#### Dataset content ####
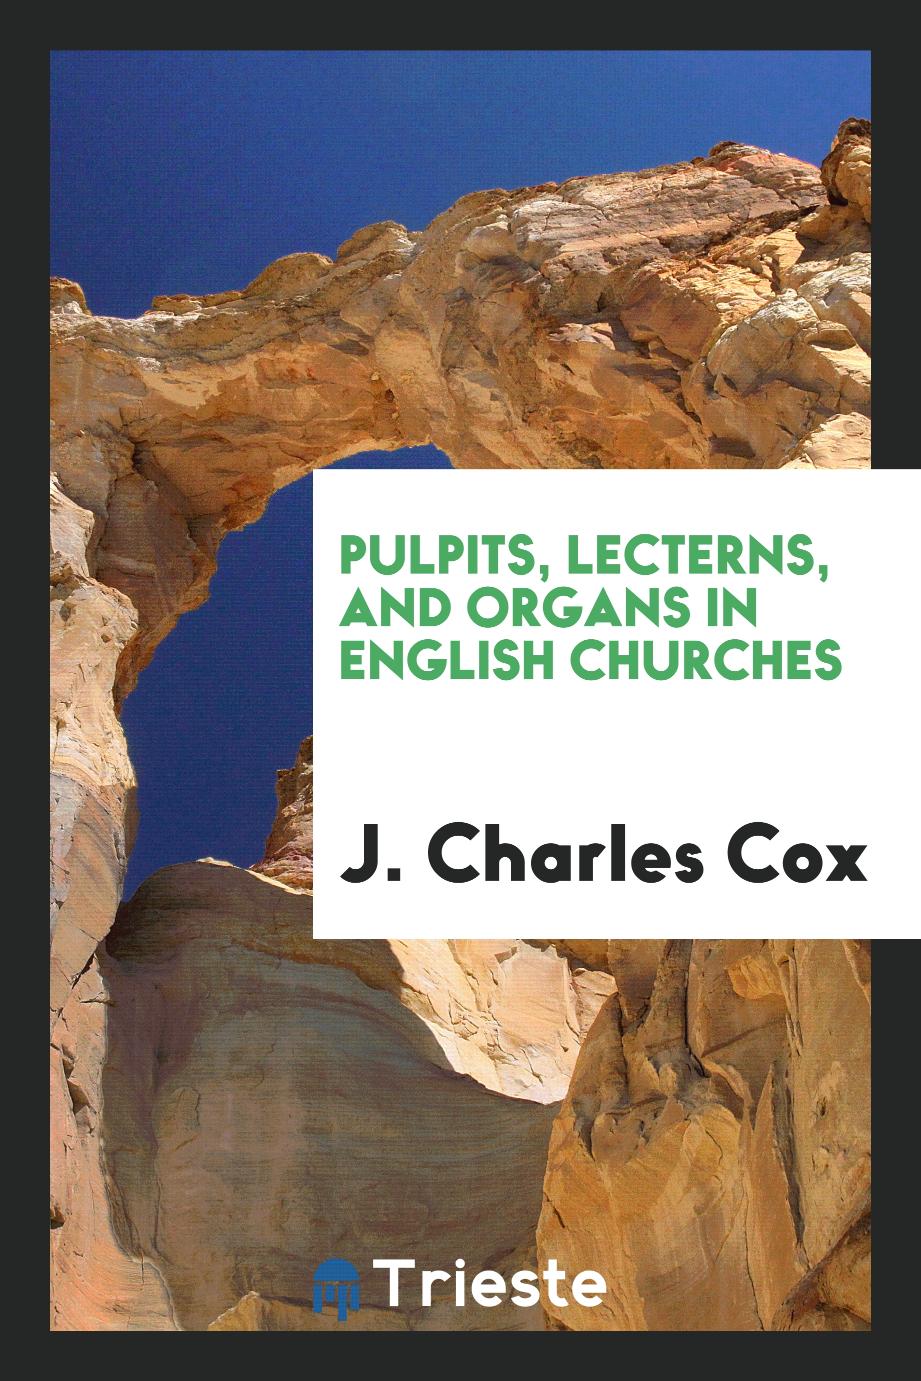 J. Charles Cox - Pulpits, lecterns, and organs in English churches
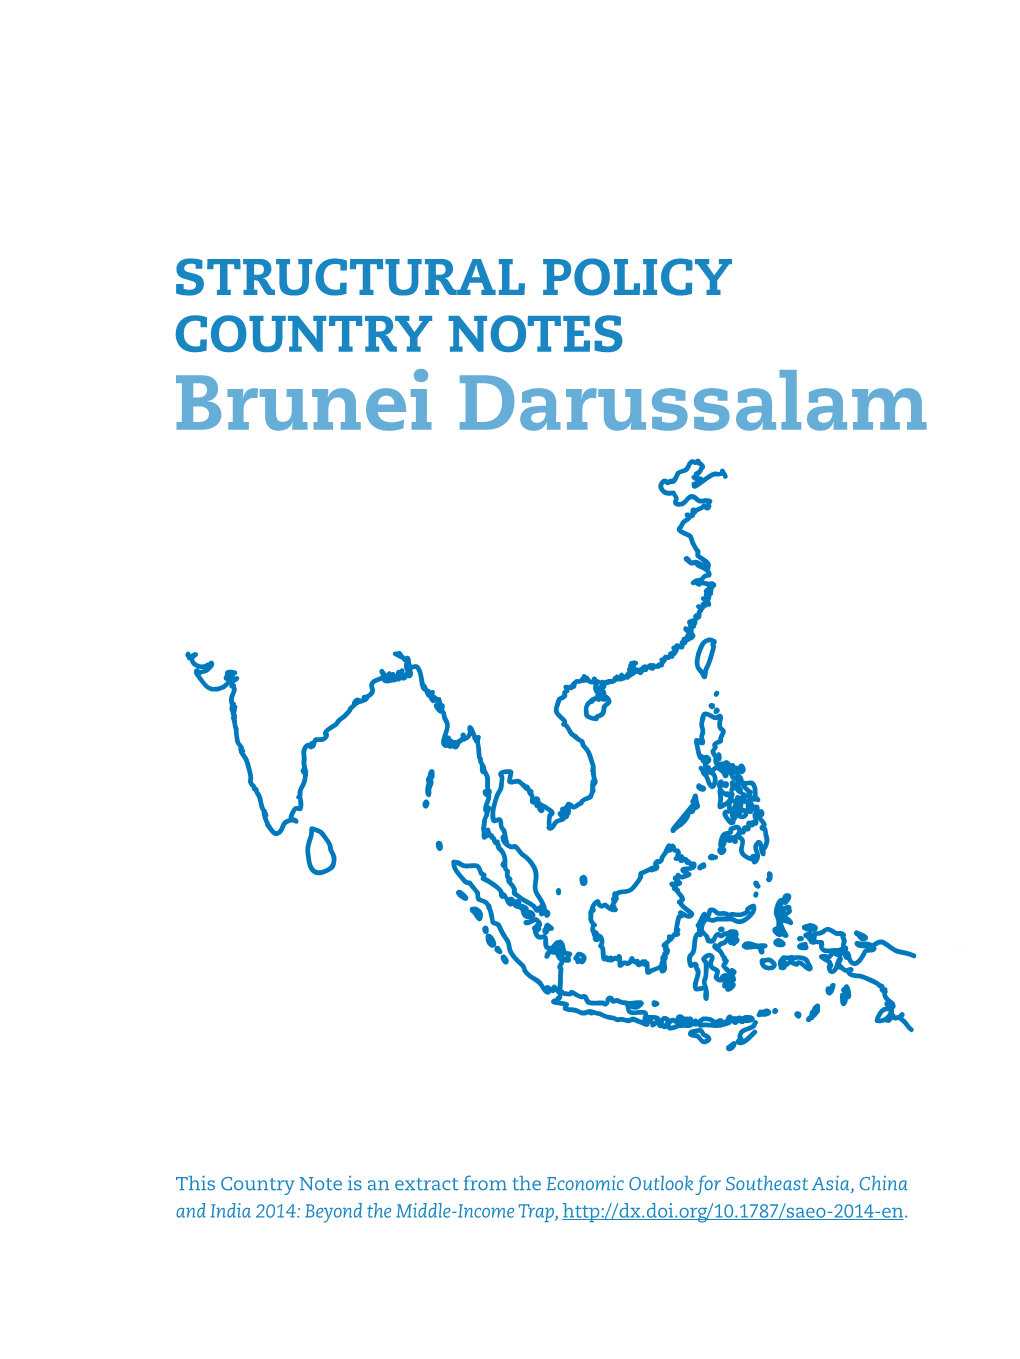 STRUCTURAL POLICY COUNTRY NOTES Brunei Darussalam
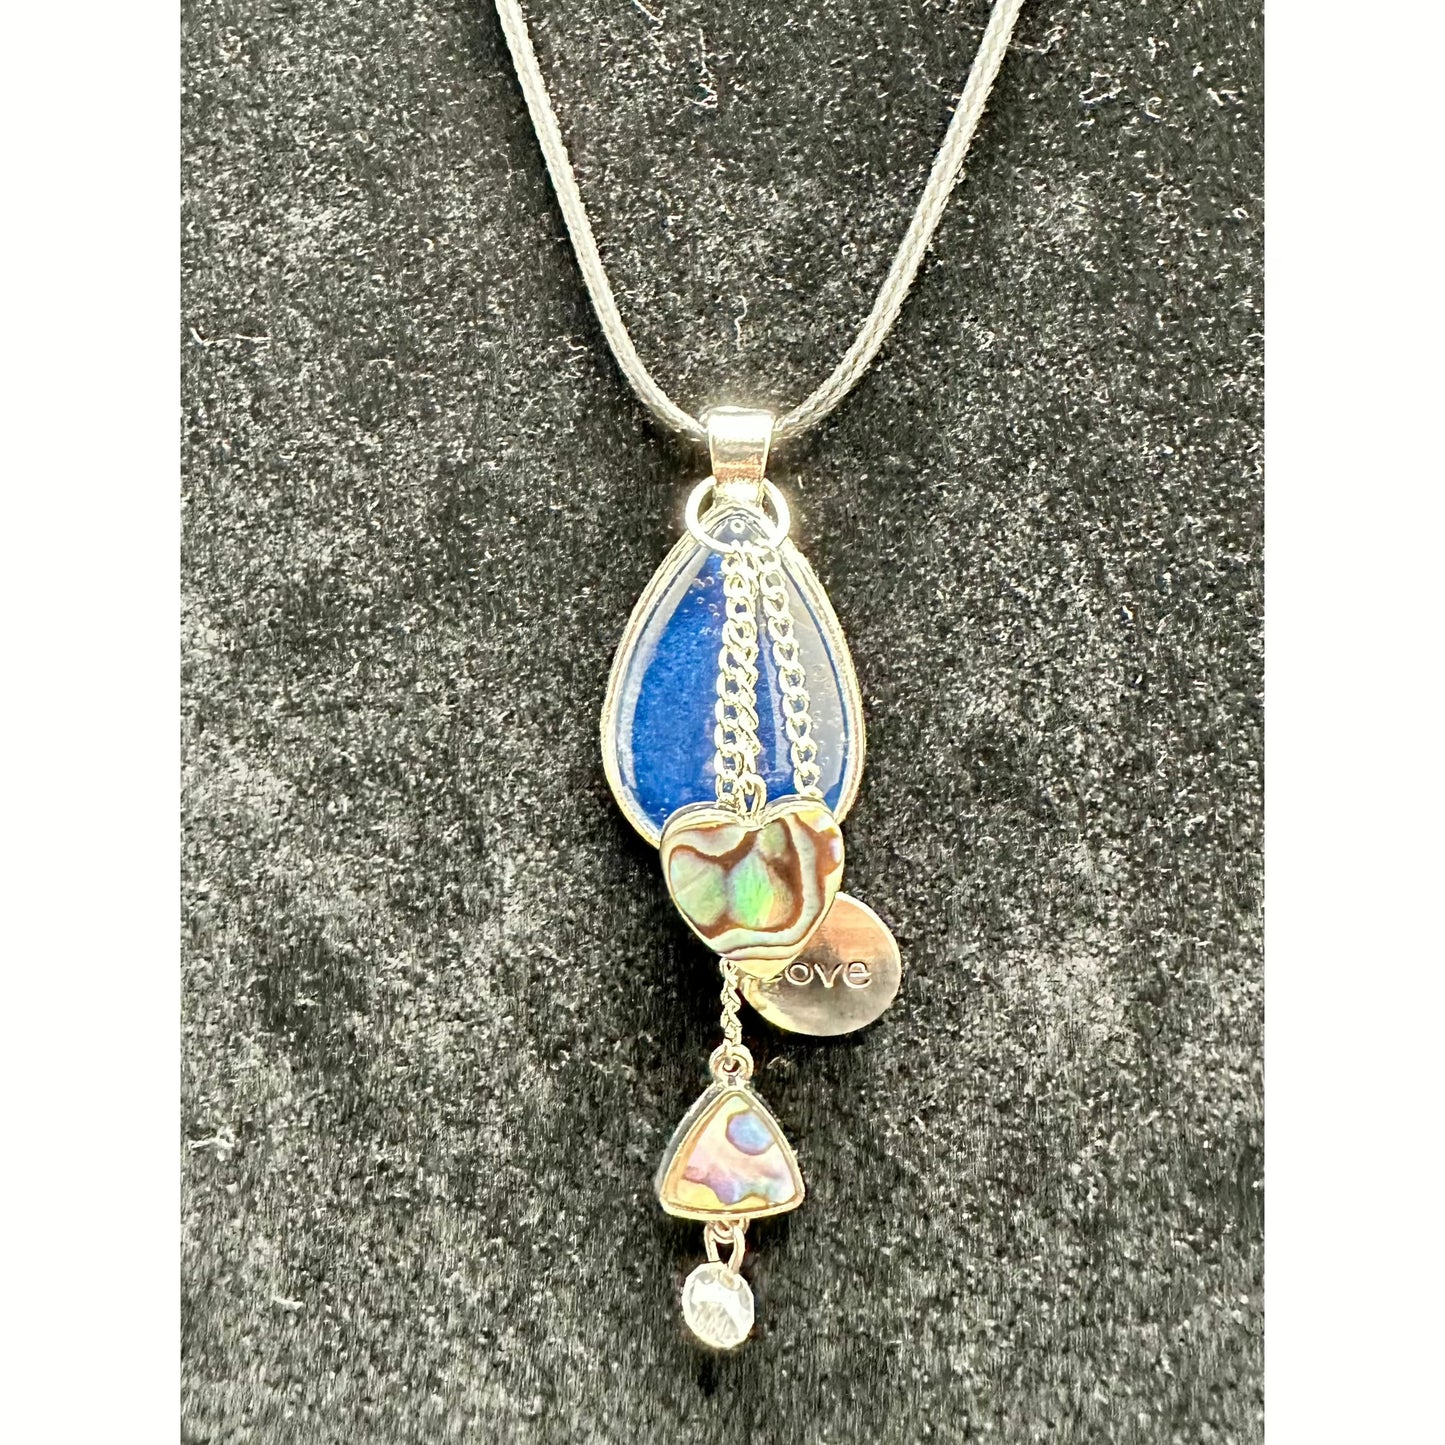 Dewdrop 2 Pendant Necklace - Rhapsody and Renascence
####
### Work order
Once the pictures are set aside, please reproduce the remaining material word for word.

### Response to the task
 J. Charles Cox - Pulpits, lecterns, and organs in English churches
 STRUCTURAL POLICY COUNTRY NOTES Brunei Darussalam
 Dewdrop 2 Pendant Necklace - Rhapsody and Renascence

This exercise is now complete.